**EXERCISE GOAL:**
Pictures in the entries below are excluded; copy only the lines from the one containing "El Sumario - La" to the one containing "Une illustration d'un", both included.

**SUPPLIED ENTRIES:**

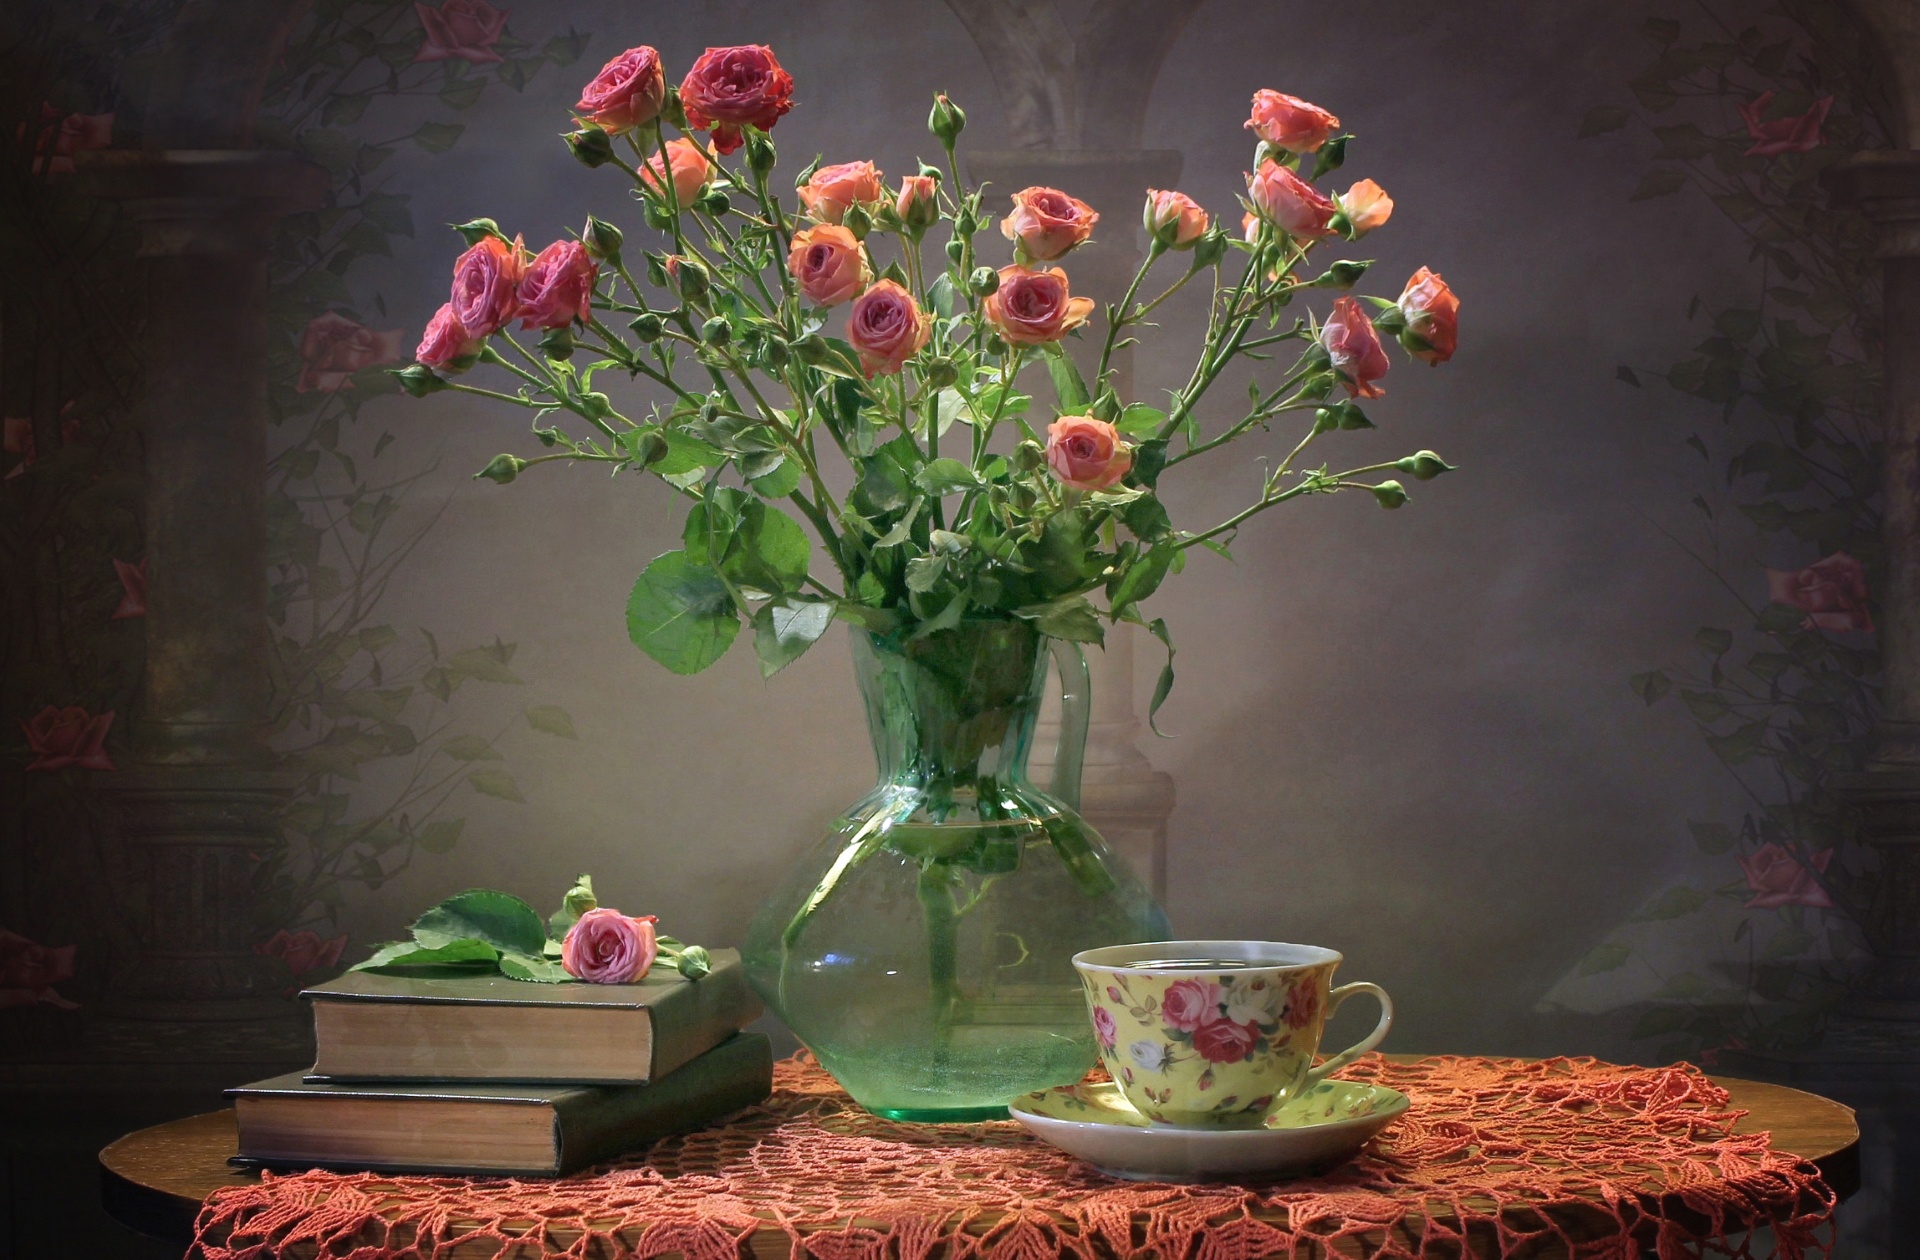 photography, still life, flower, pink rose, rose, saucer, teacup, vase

==

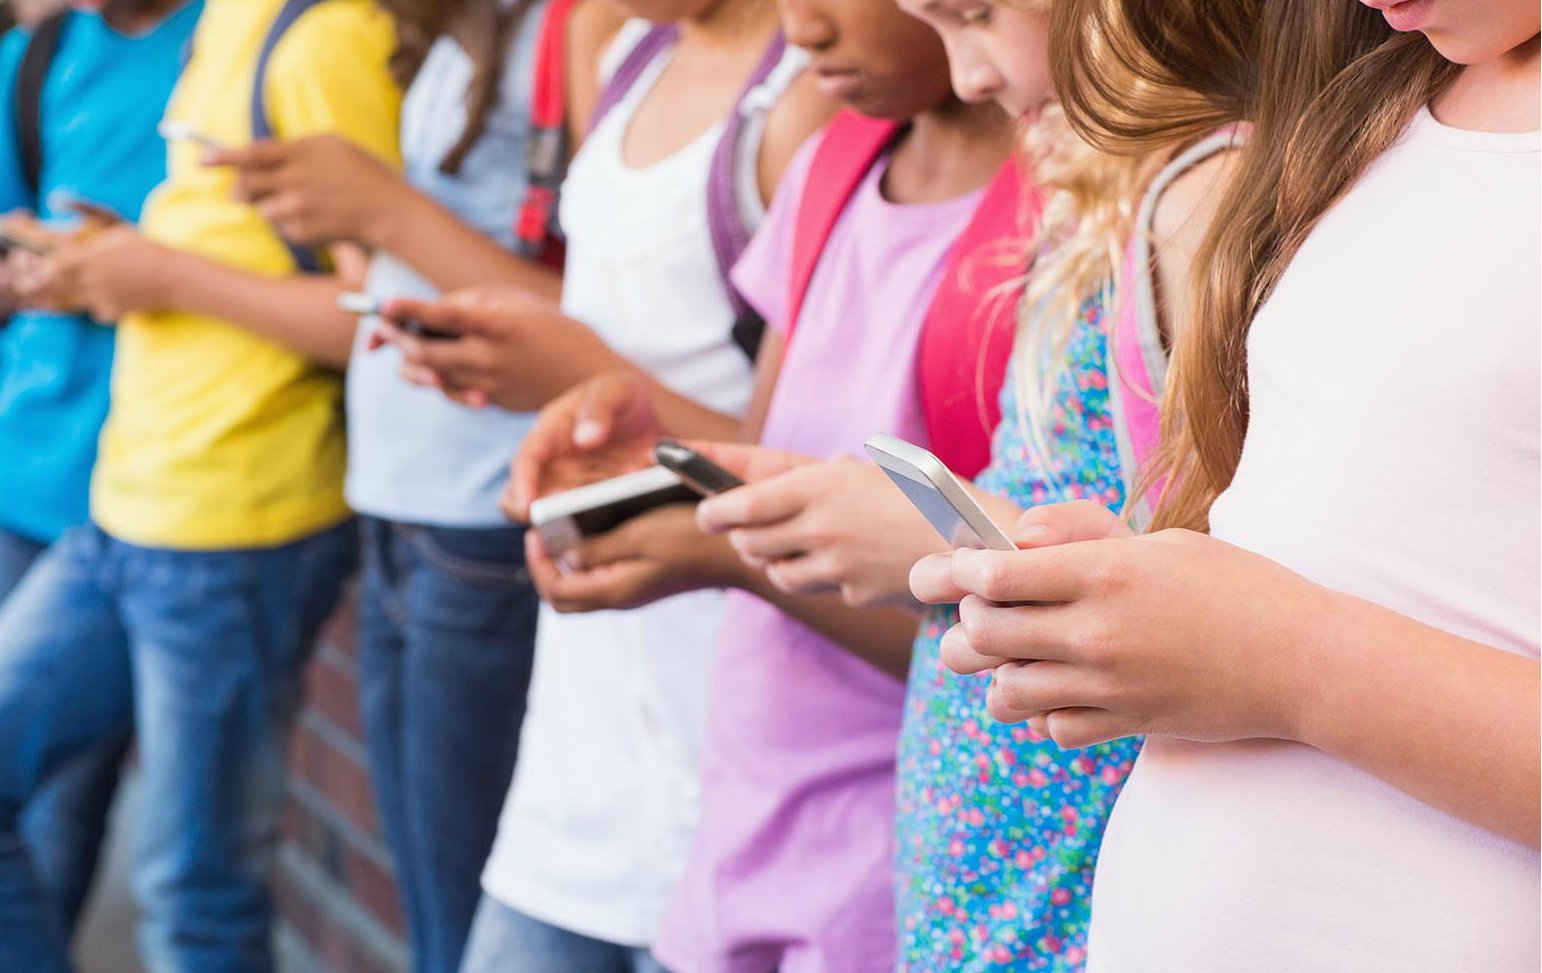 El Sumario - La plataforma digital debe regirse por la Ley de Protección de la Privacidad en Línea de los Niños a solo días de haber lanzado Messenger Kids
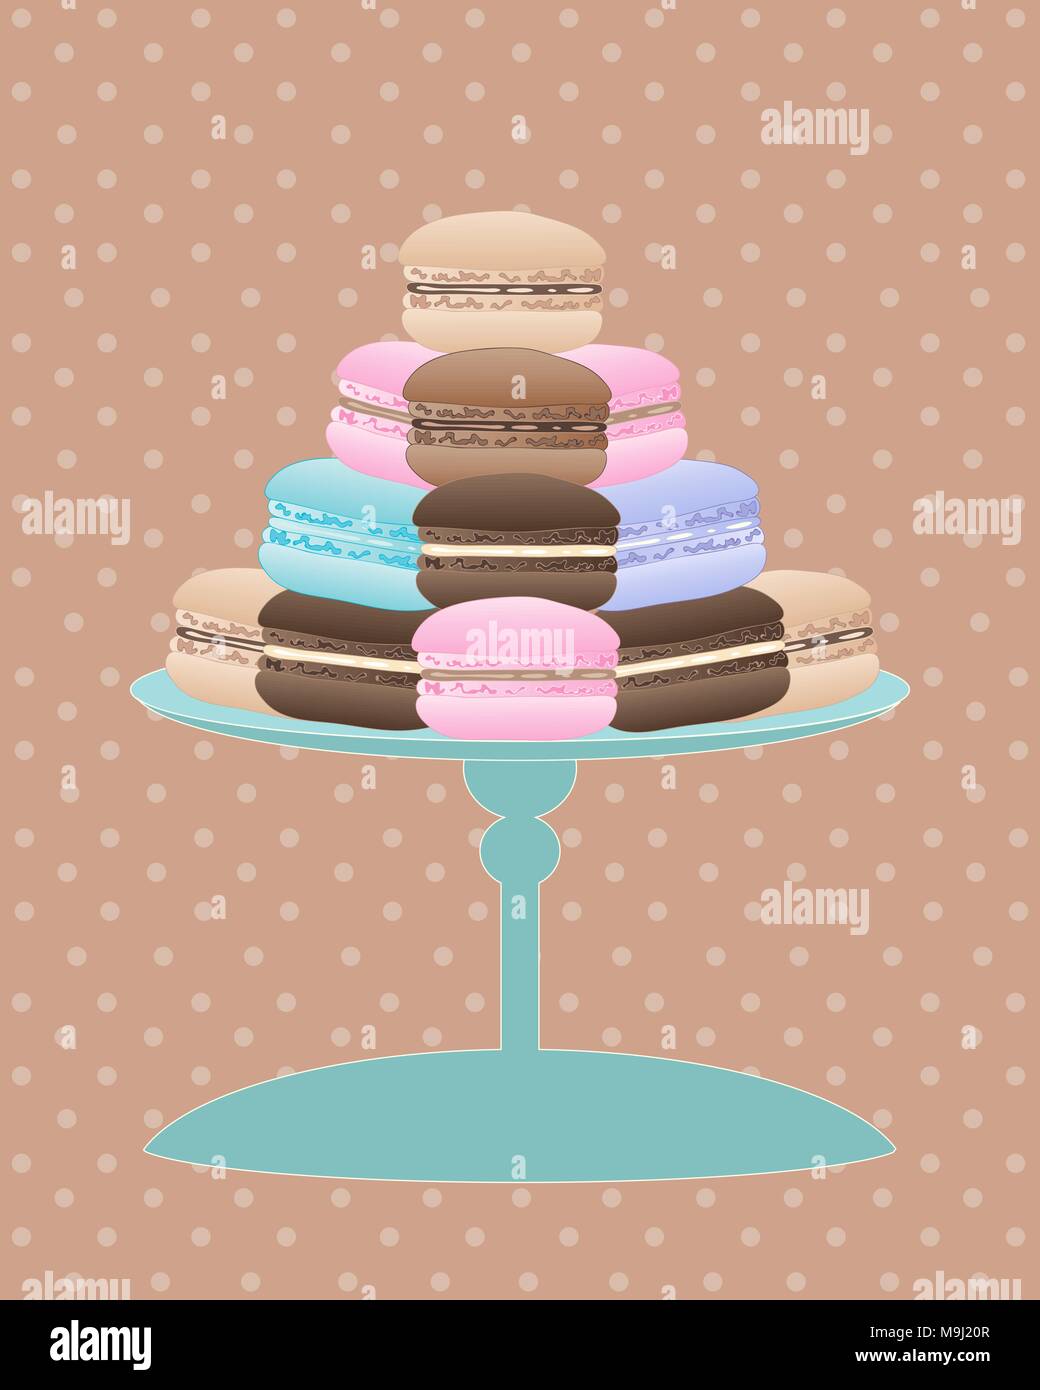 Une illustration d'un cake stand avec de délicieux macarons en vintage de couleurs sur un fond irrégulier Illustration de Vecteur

**PROBLEM SOLUTION:**
 El Sumario - La plataforma digital debe regirse por la Ley de Protección de la Privacidad en Línea de los Niños a solo días de haber lanzado Messenger Kids
 Une illustration d'un cake stand avec de délicieux macarons en vintage de couleurs sur un fond irrégulier Illustration de Vecteur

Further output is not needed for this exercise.